Material provided: Begin
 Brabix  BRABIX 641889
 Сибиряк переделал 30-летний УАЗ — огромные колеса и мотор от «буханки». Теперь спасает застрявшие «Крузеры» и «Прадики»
Material provided: End
Material provided: Begin
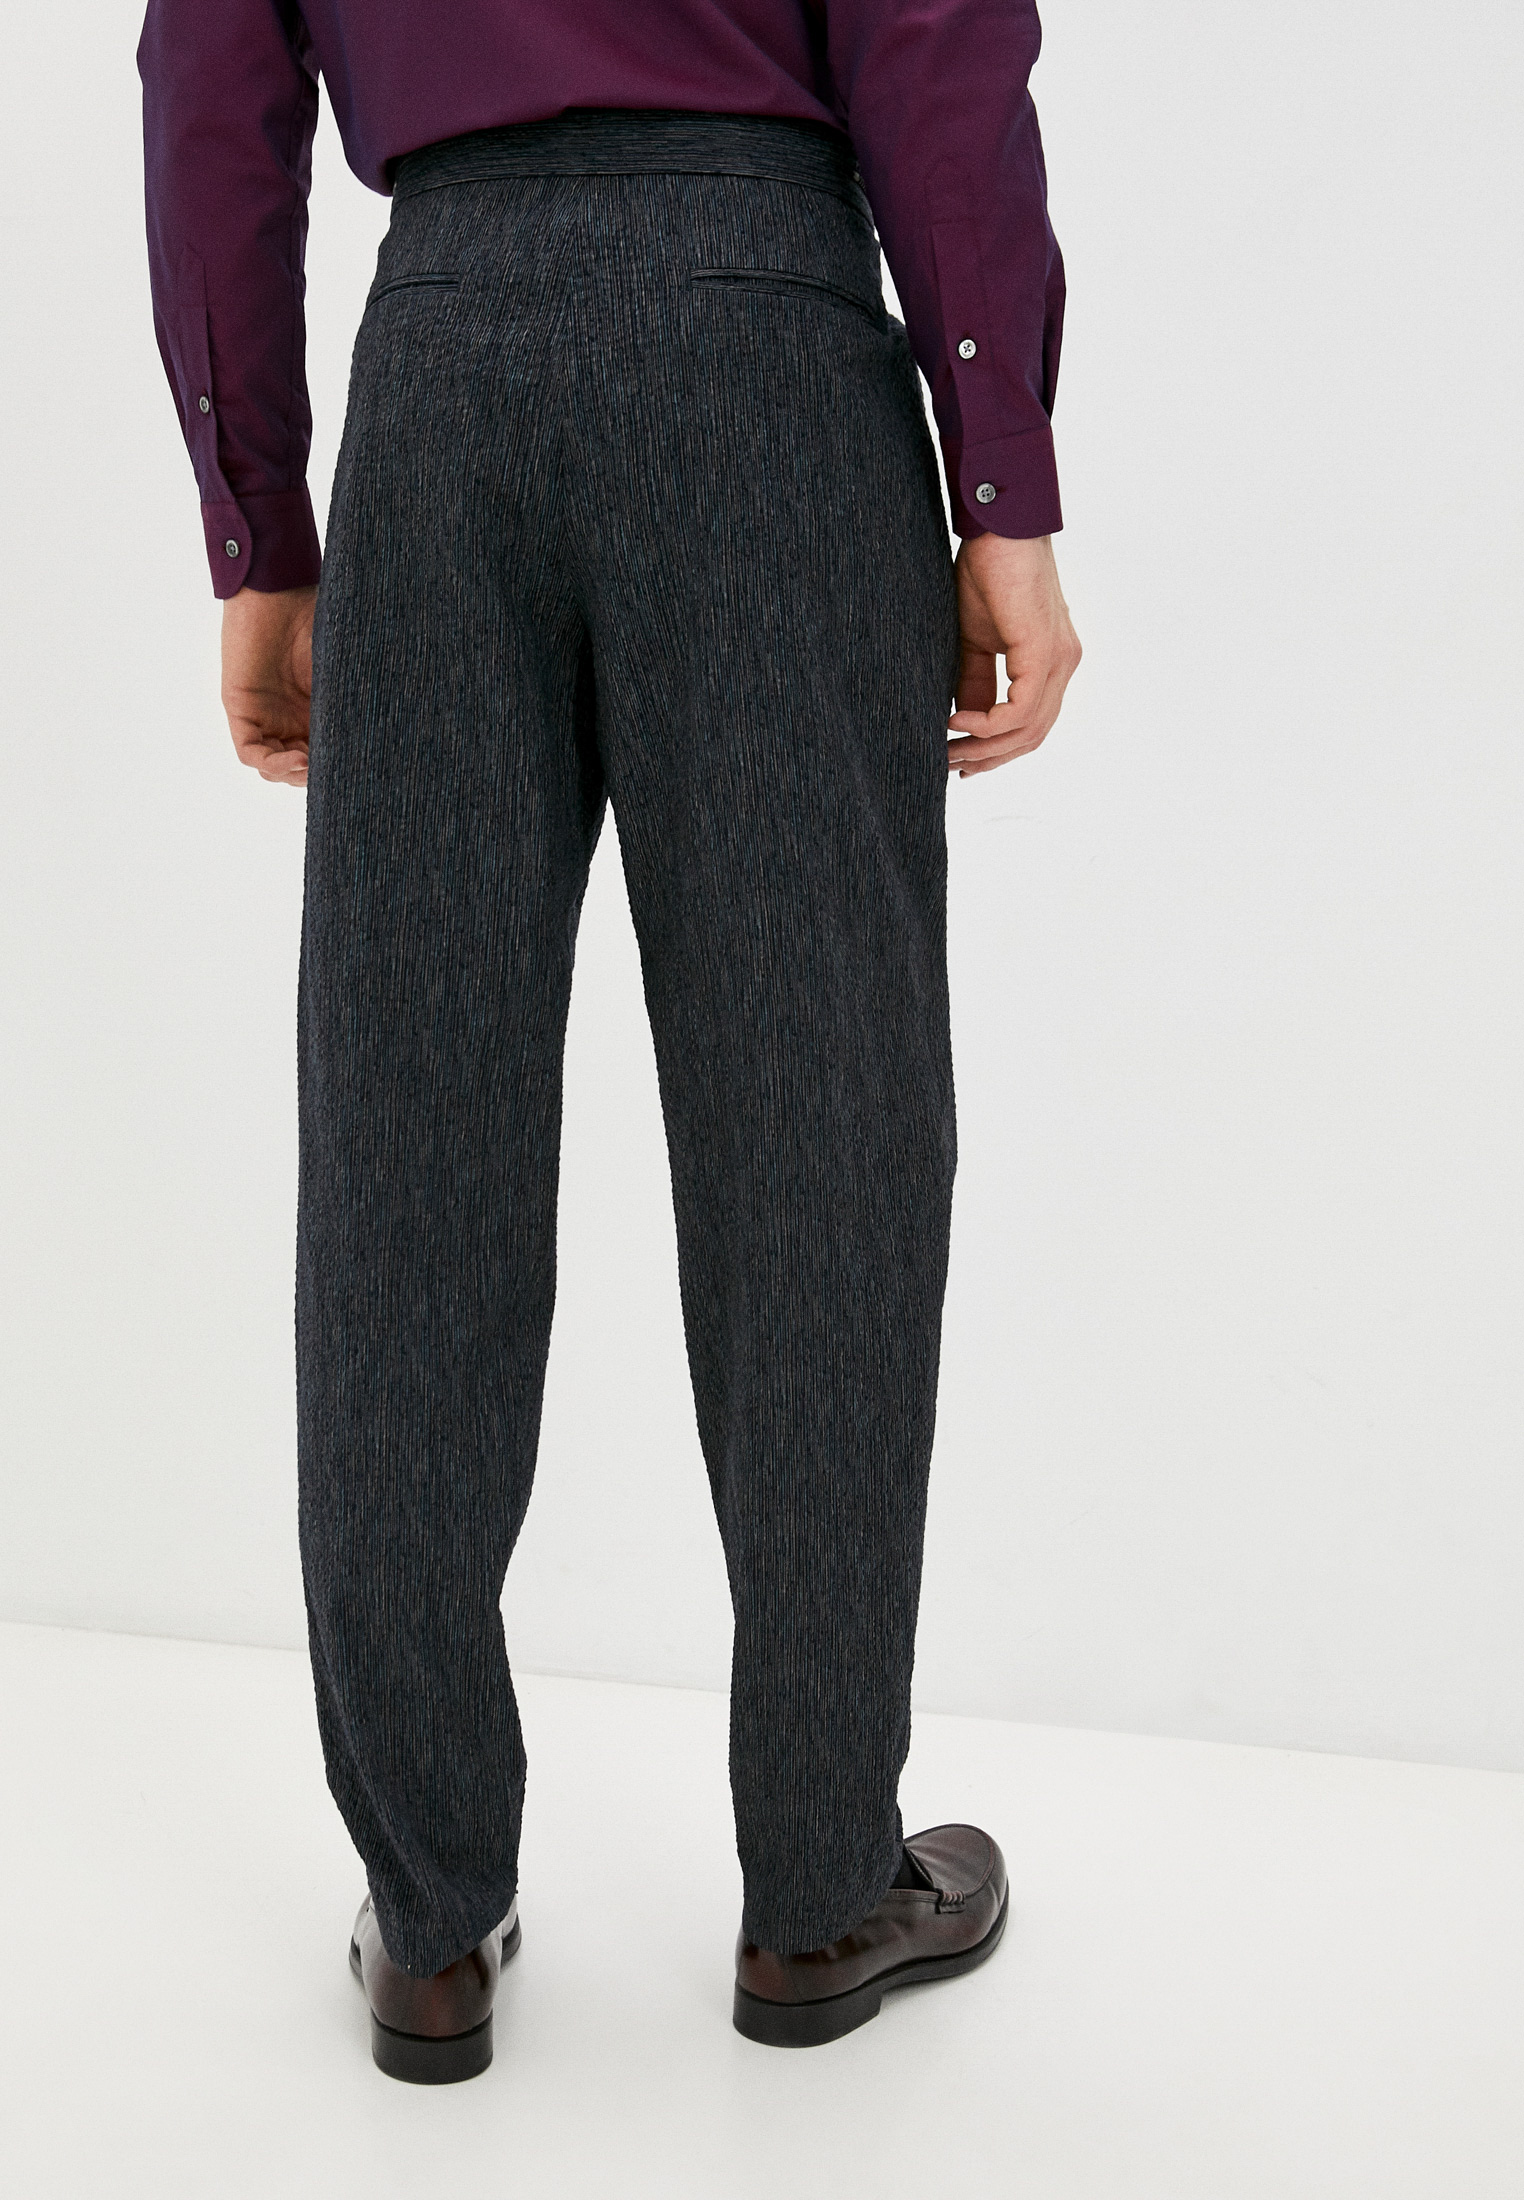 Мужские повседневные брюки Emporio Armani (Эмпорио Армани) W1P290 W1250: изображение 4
Material provided: End
Material provided: Begin
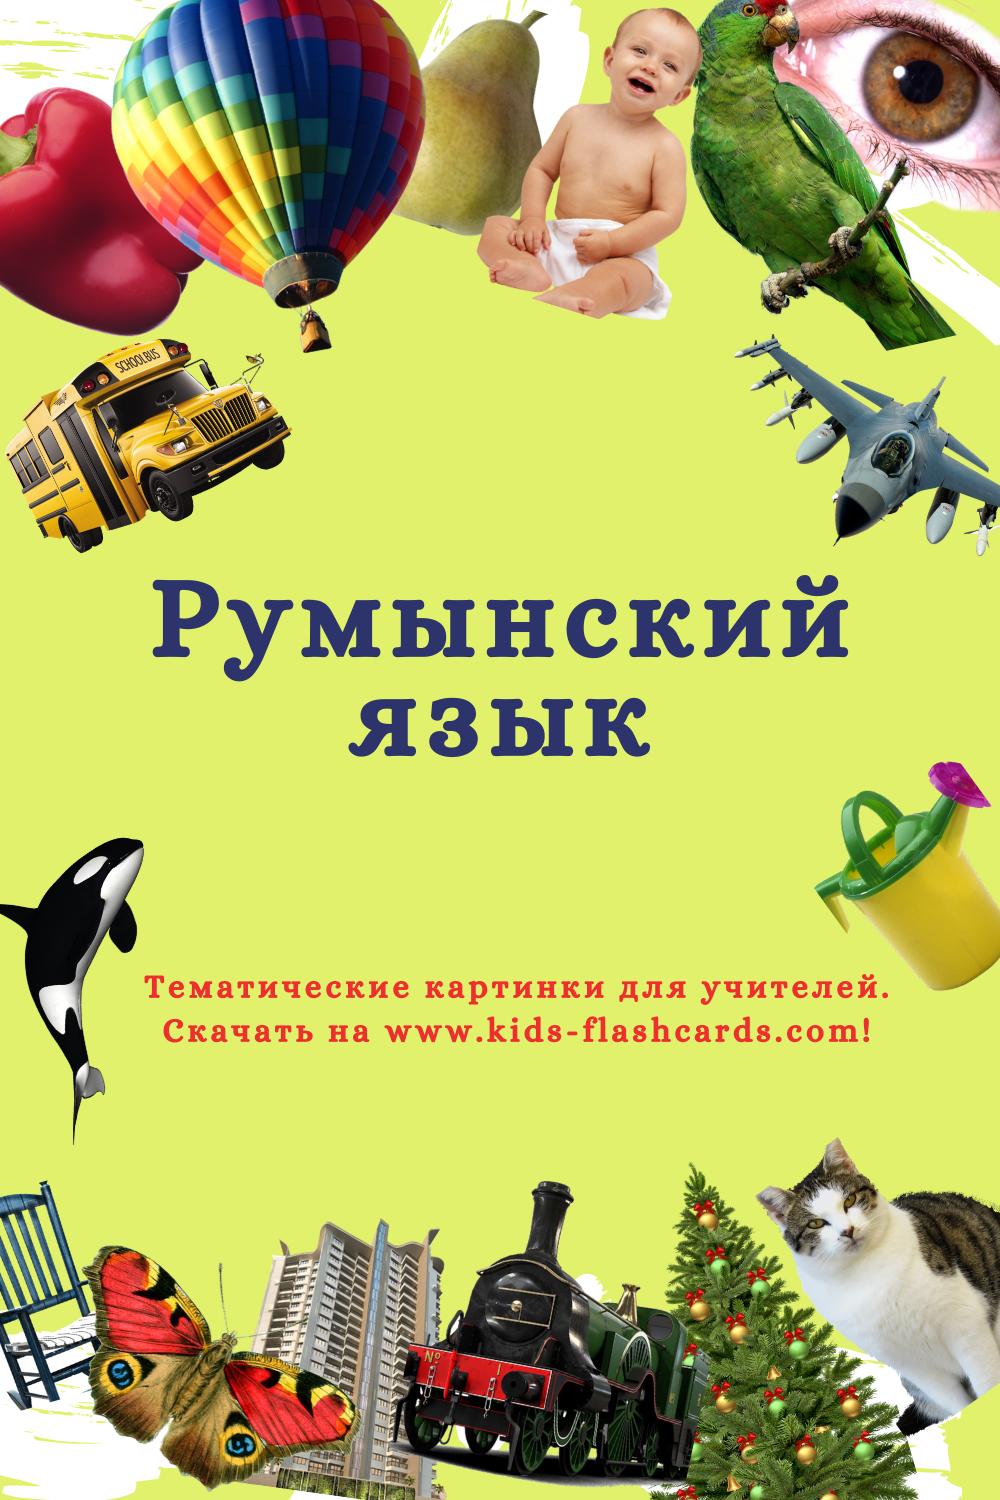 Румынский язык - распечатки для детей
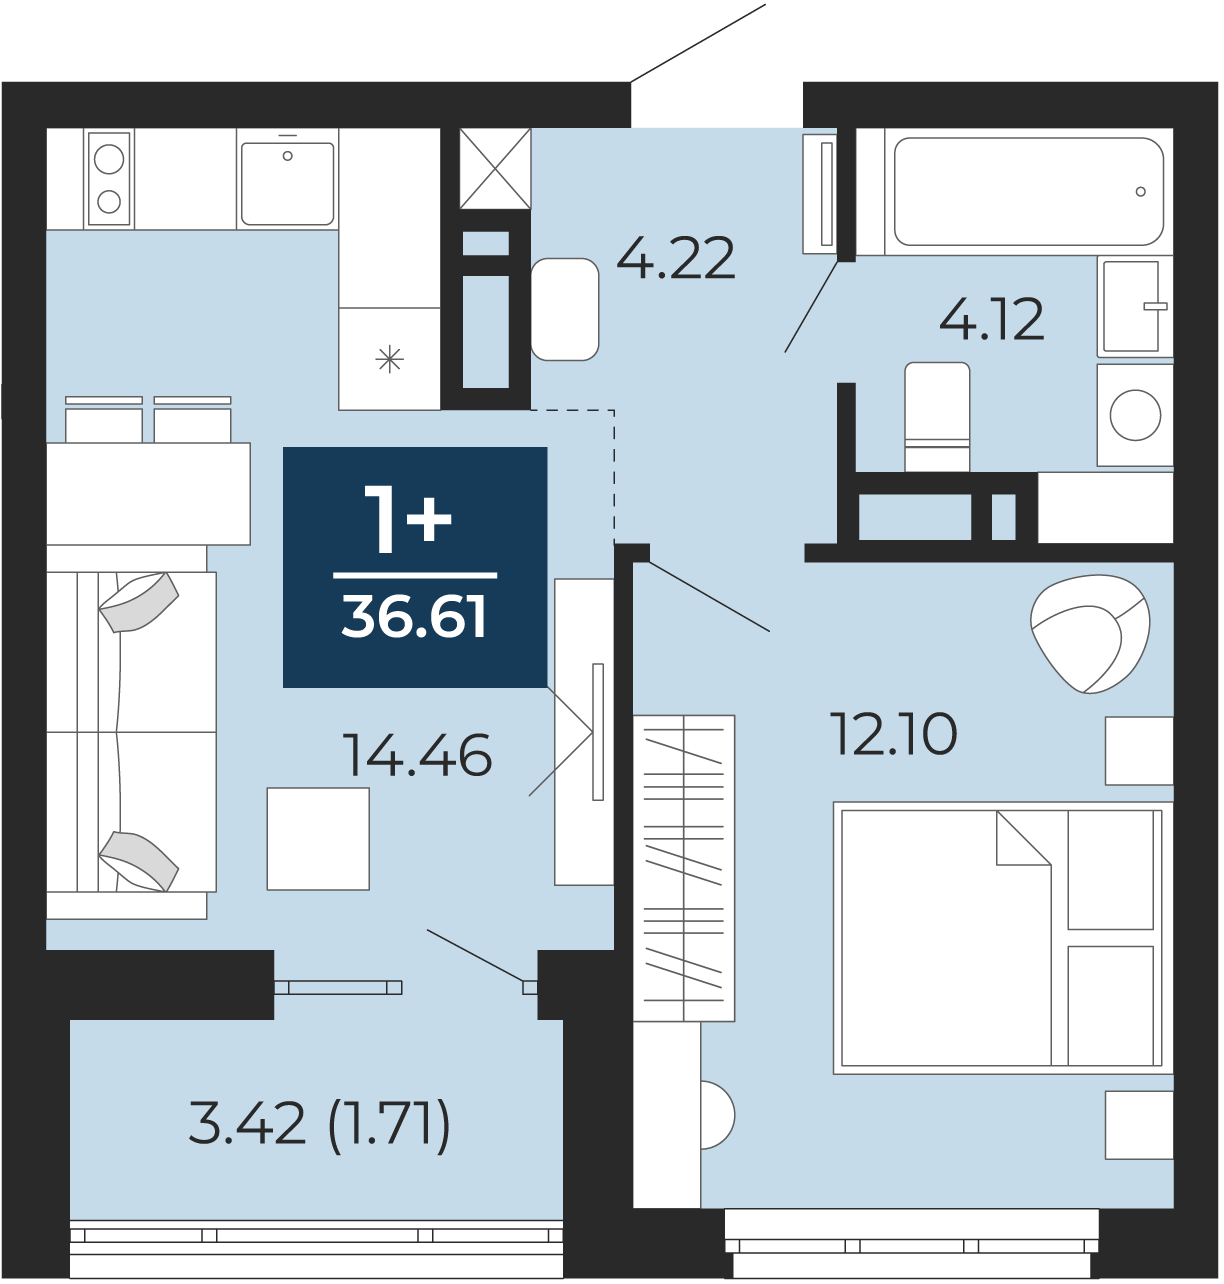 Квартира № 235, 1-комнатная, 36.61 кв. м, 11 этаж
Material provided: End
▶ **Assigned task**
Starting at the line with "Румынский язык - распечатки для детей" and finishing at the line with "Квартира № 235, 1-комнатная, 36.61", copy the material above exactly, both lines included. Nothing else goes in, and no pictures.

▶ **Solution for this task**
 Румынский язык - распечатки для детей
 Квартира № 235, 1-комнатная, 36.61 кв. м, 11 этаж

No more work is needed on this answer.